Jean-Joseph Delvin (1853 – 1922, born in Ghent) was a Belgian painter who specialized in scenes with animals (primarily horses).

Life
He attended the Royal Academy of Fine Arts in Ghent, where he studied under , and worked in the studios of Jean Portaels in Brussels. His fellow students there included André Cluysenaar and Jacques de Lalaing. Later, he undertook study trips to France and Spain. For many years, he shared a small workshop in a garden shed with Gustave Den Duyts.

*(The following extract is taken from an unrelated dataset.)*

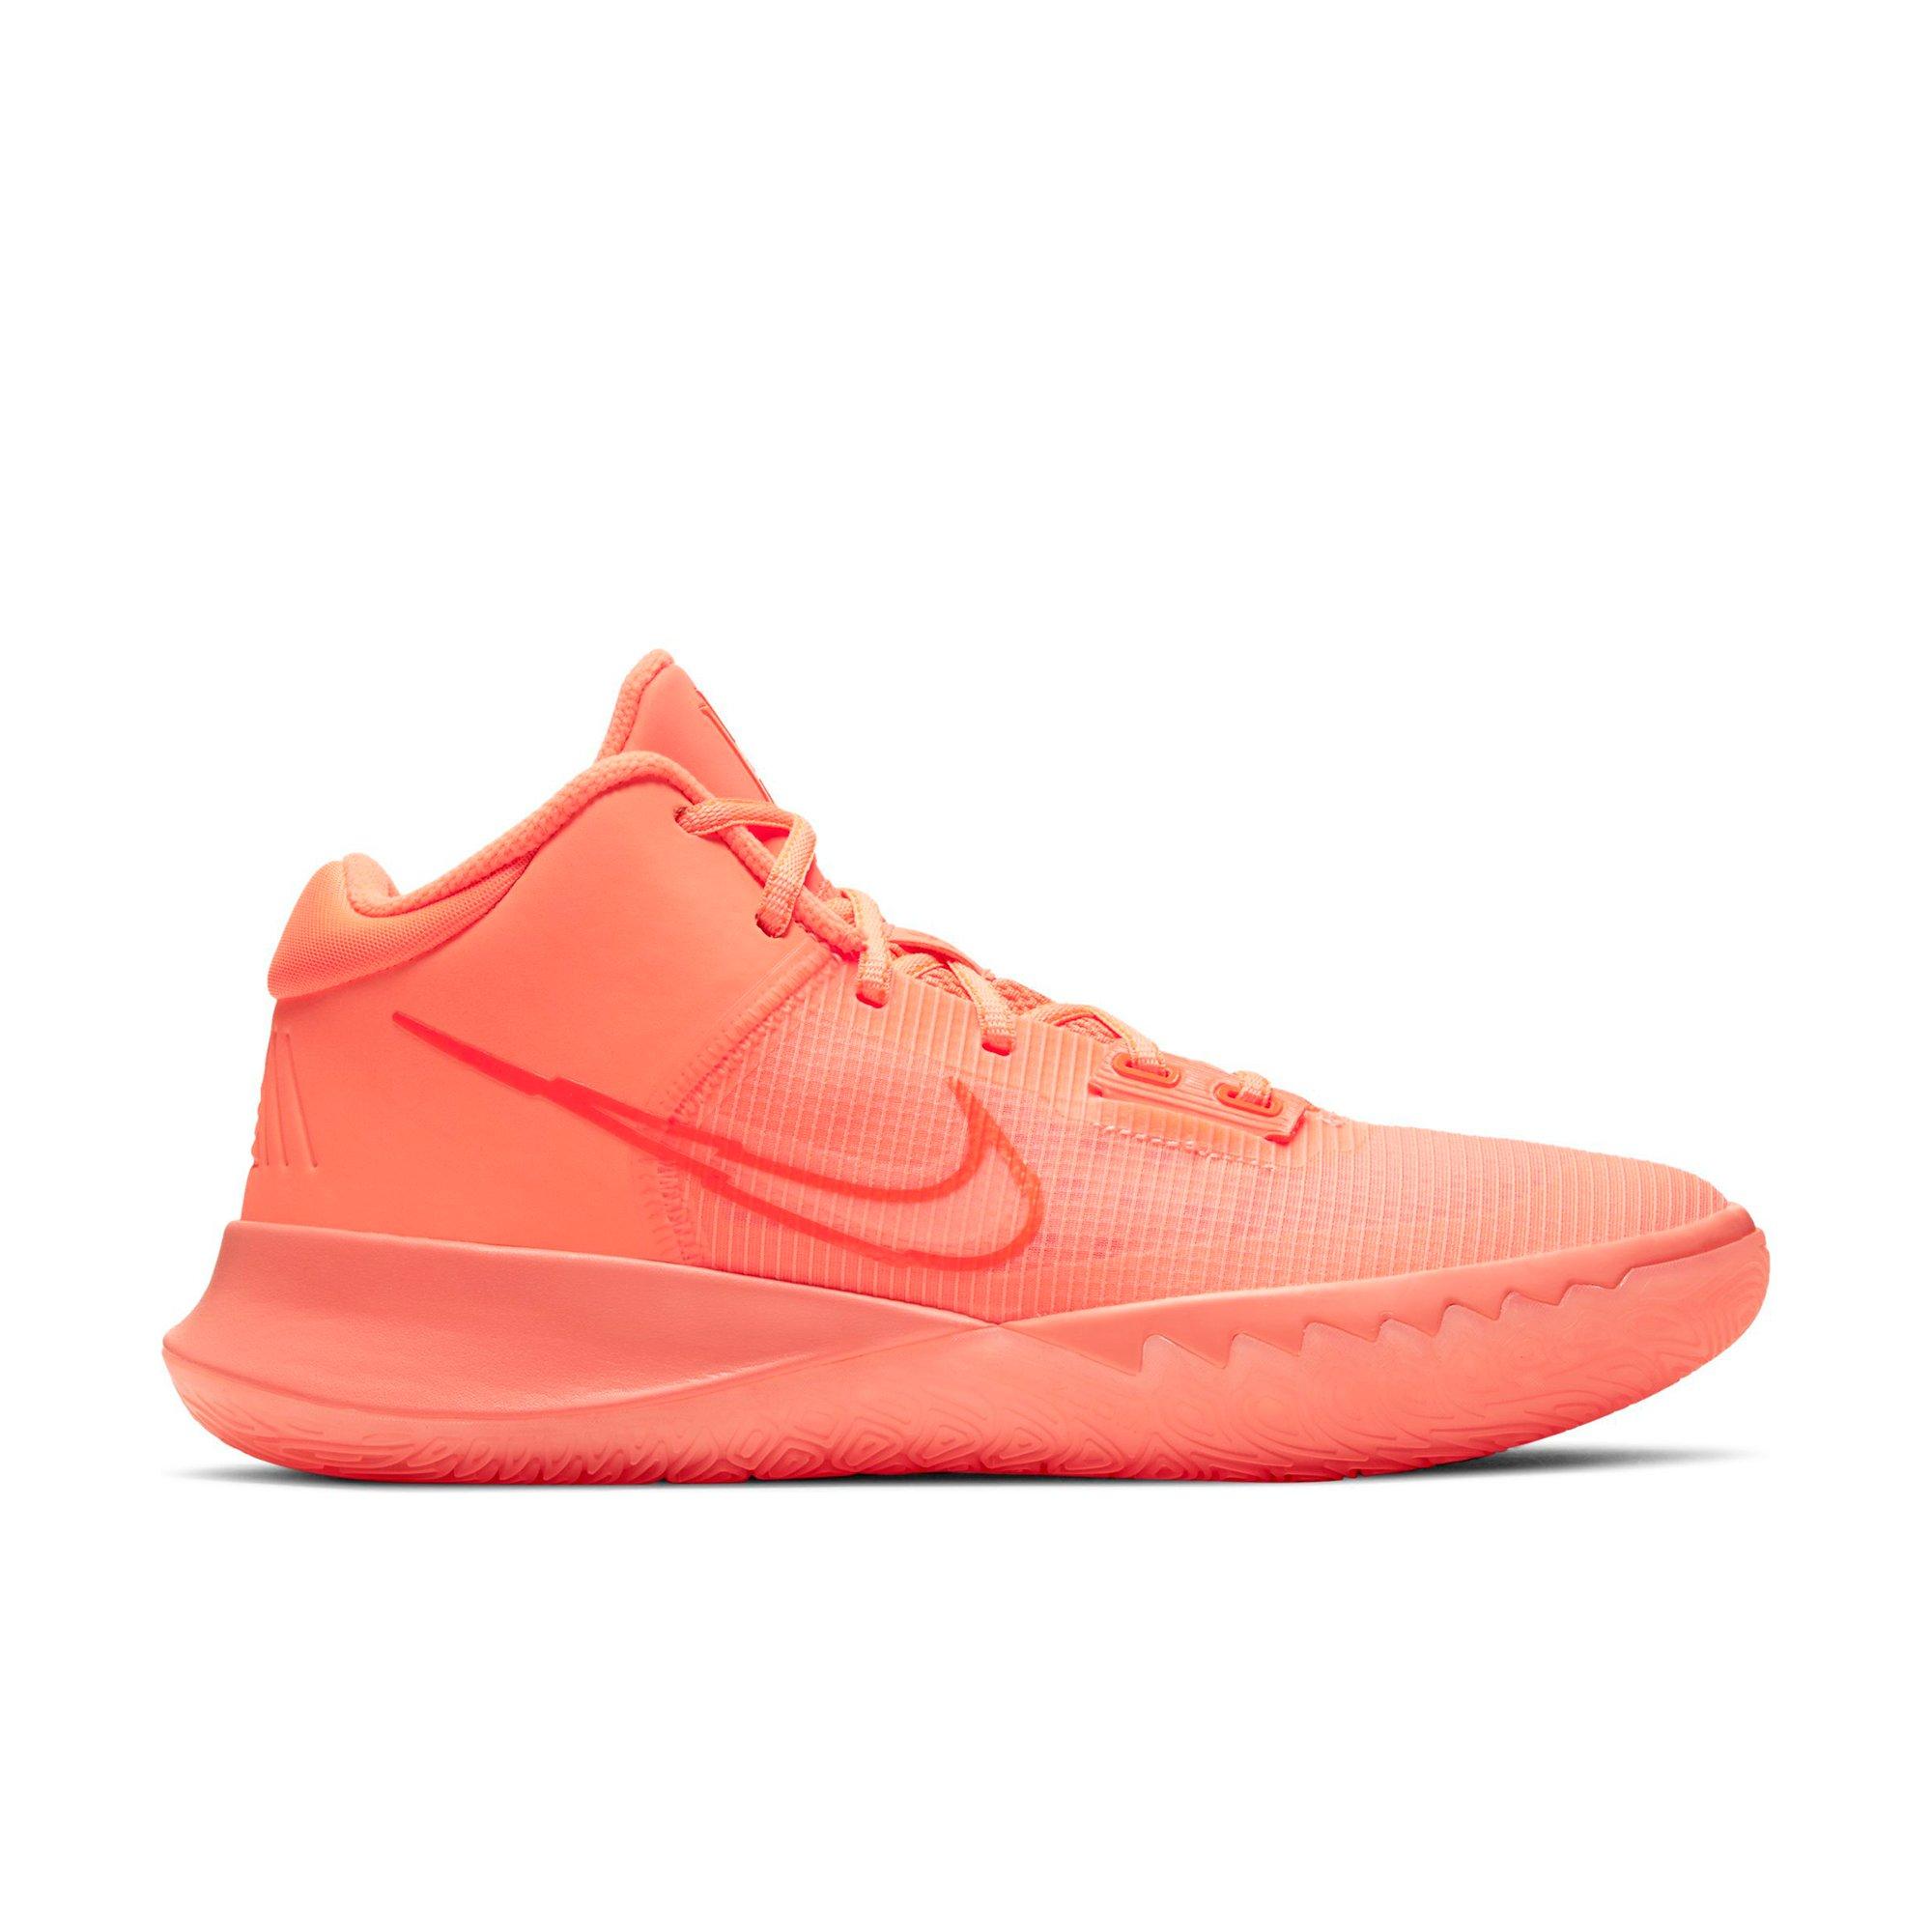 kyrie shoes high tops

In 1883, he was invited to join the secessionist group Les XX, along with James Ensor, Fernand Khnopff, Théo van Rysselberghe and several others, but he resigned only a few years later in 1886. He was also a member of La Libre Esthétique and Kunst van Heden (Art for Today) in Antwerp. At about that time, he began teaching at the Academy in Ghent and later became its Director (1902–1913).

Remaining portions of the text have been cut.